Just take just one iteration of how ERISA Accounts can be funded, 12b-1 fees from mutual funds, for example. Though plan assets are used to purchase investment company shares, the actual assets within the mutual fund are not considered plan assets because of very specific ERISA rules (the shares owned by the plan are actually the plan assets; the underlying investments of the mutual fund itself are not). The mutual fund is governed by a board of directors, which is responsible for adopting any 12b-1 program that the fund has, and the program determines whether or not such funds are even payable to a plan to fund an ERISA Account. Any 12b-1 fees are paid by the mutual fund itself, not by the investment manager of the fund or the rep selling/advising-on the fund (though those parties may, themselves, be able to create ERISA Accounts if done properly, but not from mutual fund assets).  Though these 12b-1 fees may be considered indirect compensation for 408b-2 purposes, and even though they may be subtracted from the fund’s value in determining the daily Net Asset Value of the shares held by the plan, the payment of the 12b-1 fee itself would not, generally be considered the payment of a plan asset.

One of the issues discussed was whether, if the plan had the legal right to that payment, whether that payment is a plan asset (or is the right to the payment an asset?).

If the 12b-1 payment is made to the plan’s trust, it is a plan asset. But what if, instead, it is paid directly to the TPA, who uses it to offset administrative costs under its contract with the plan? Is it a plan asset? What about the advisor, or the plan’s investment manager (particularly if it also manages the underlying mutual fund?).

This is just one example. Even within mutual funds, there are a variety of ways to handle the ERISA Account, and just wait until we discuss annuity contracts and collective trusts.  Determination of the plan asset status is just one of the issues (albeit a critical one) for any iteration of an ERISA Accounts, and we understand there is a pending DOL Advisory Opinion request somehow dealing with this sort of issue.  But then there are the questions of its accounting and treatment under the plan, the allocation issues, the forfeiture account issues, and even whether or not "definitely determinable benefit" becomes an issue if too much discretion on allocation is granted under the plan document. 

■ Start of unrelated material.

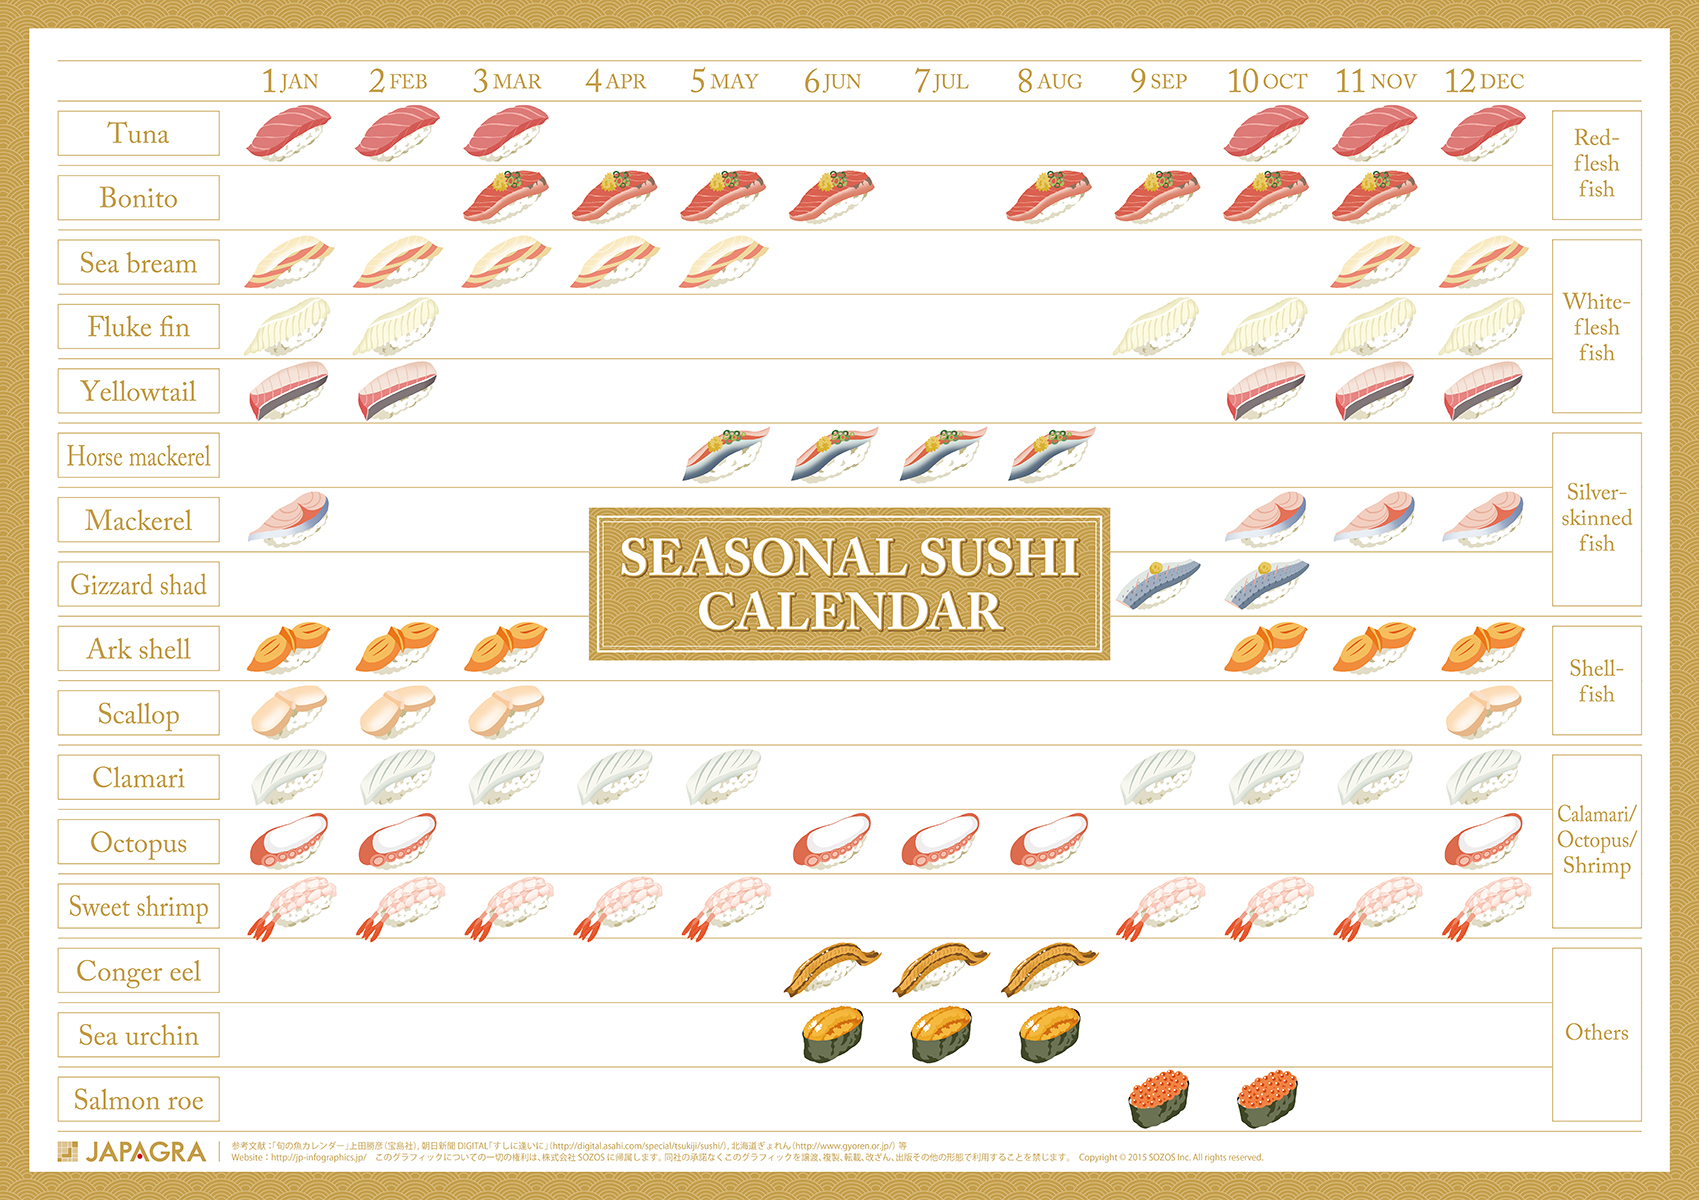 今一番おいしい がわかる 旬の寿司ネタカレンダー インフォグラフィックで日本がわかる Japagra ジャパグラ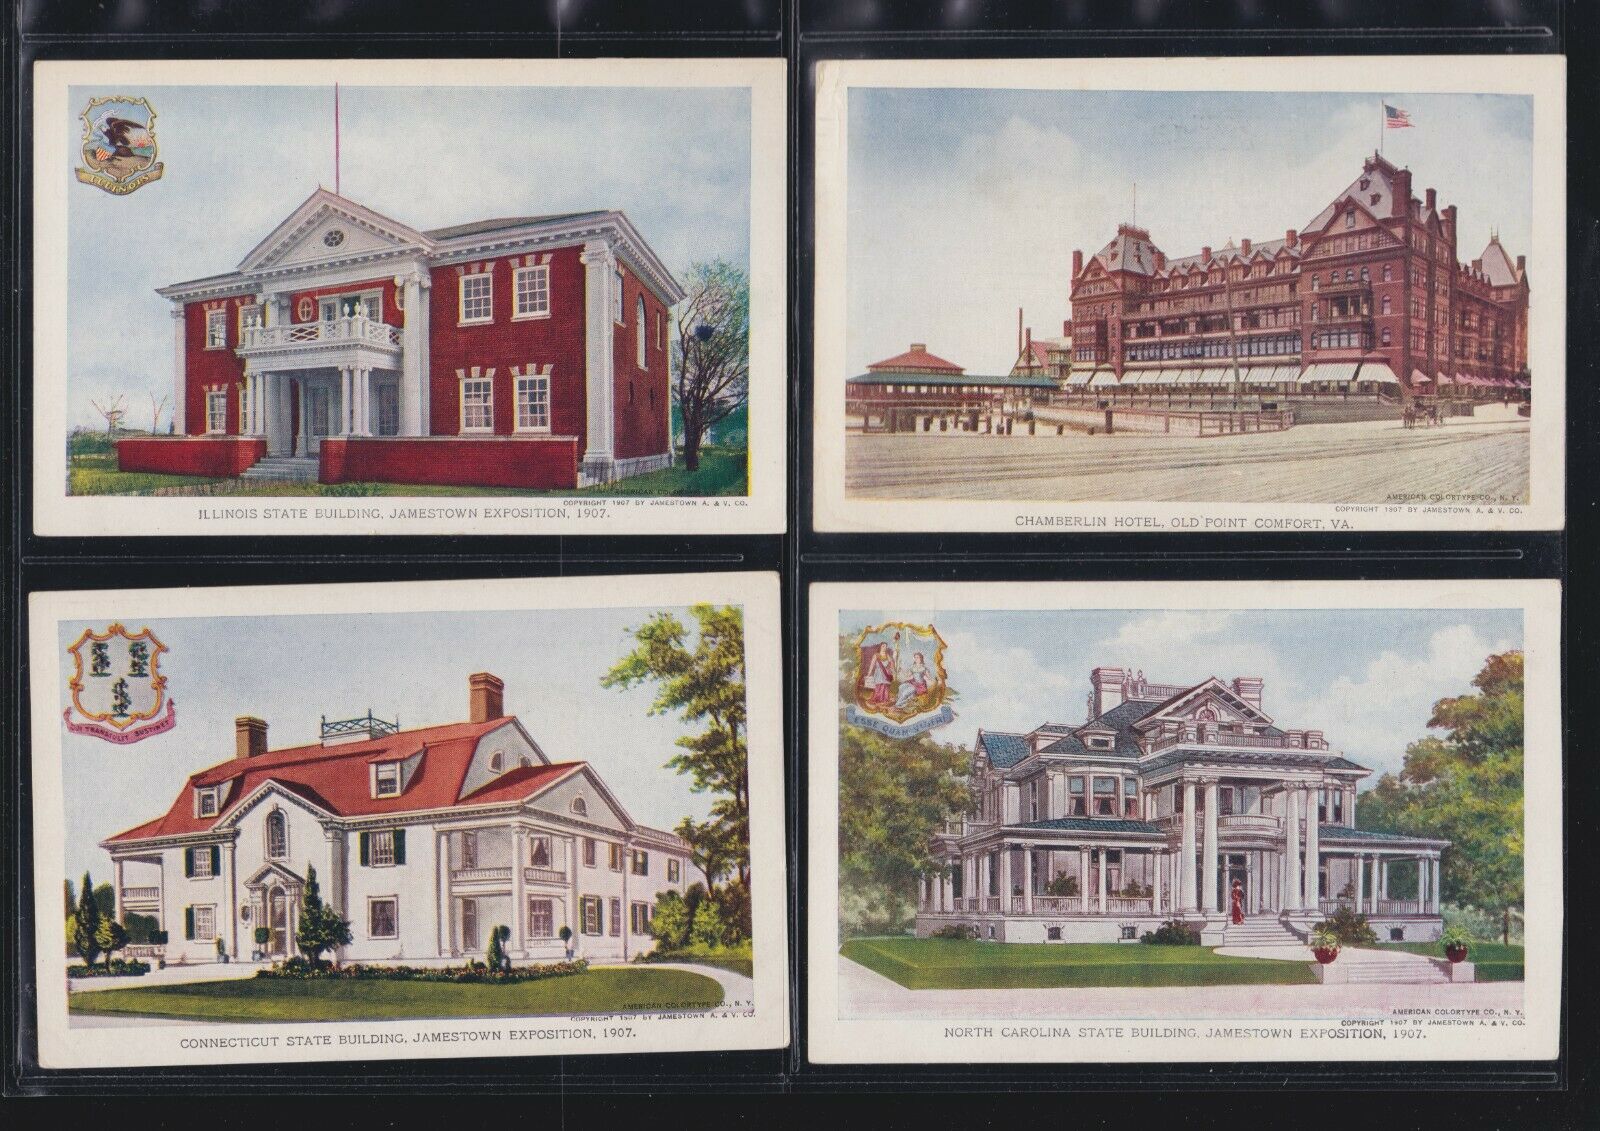 Us 1907 Jamestown Exposition Souvenir Post Cards Lot Of 4 (jtb40)

The only thing really clear is that there are a number of issues to resolve and, like prohibited transactions, the answers to them will lie in the specifics of the design of the ERISA Account; what type of entity funds it (and its relationship to fiduciaries and other parties in interest); how it is used; how it is terminated; what kind of contract commitment is involved; how is it documented and substantiated; how does it work in 403(b);  and others.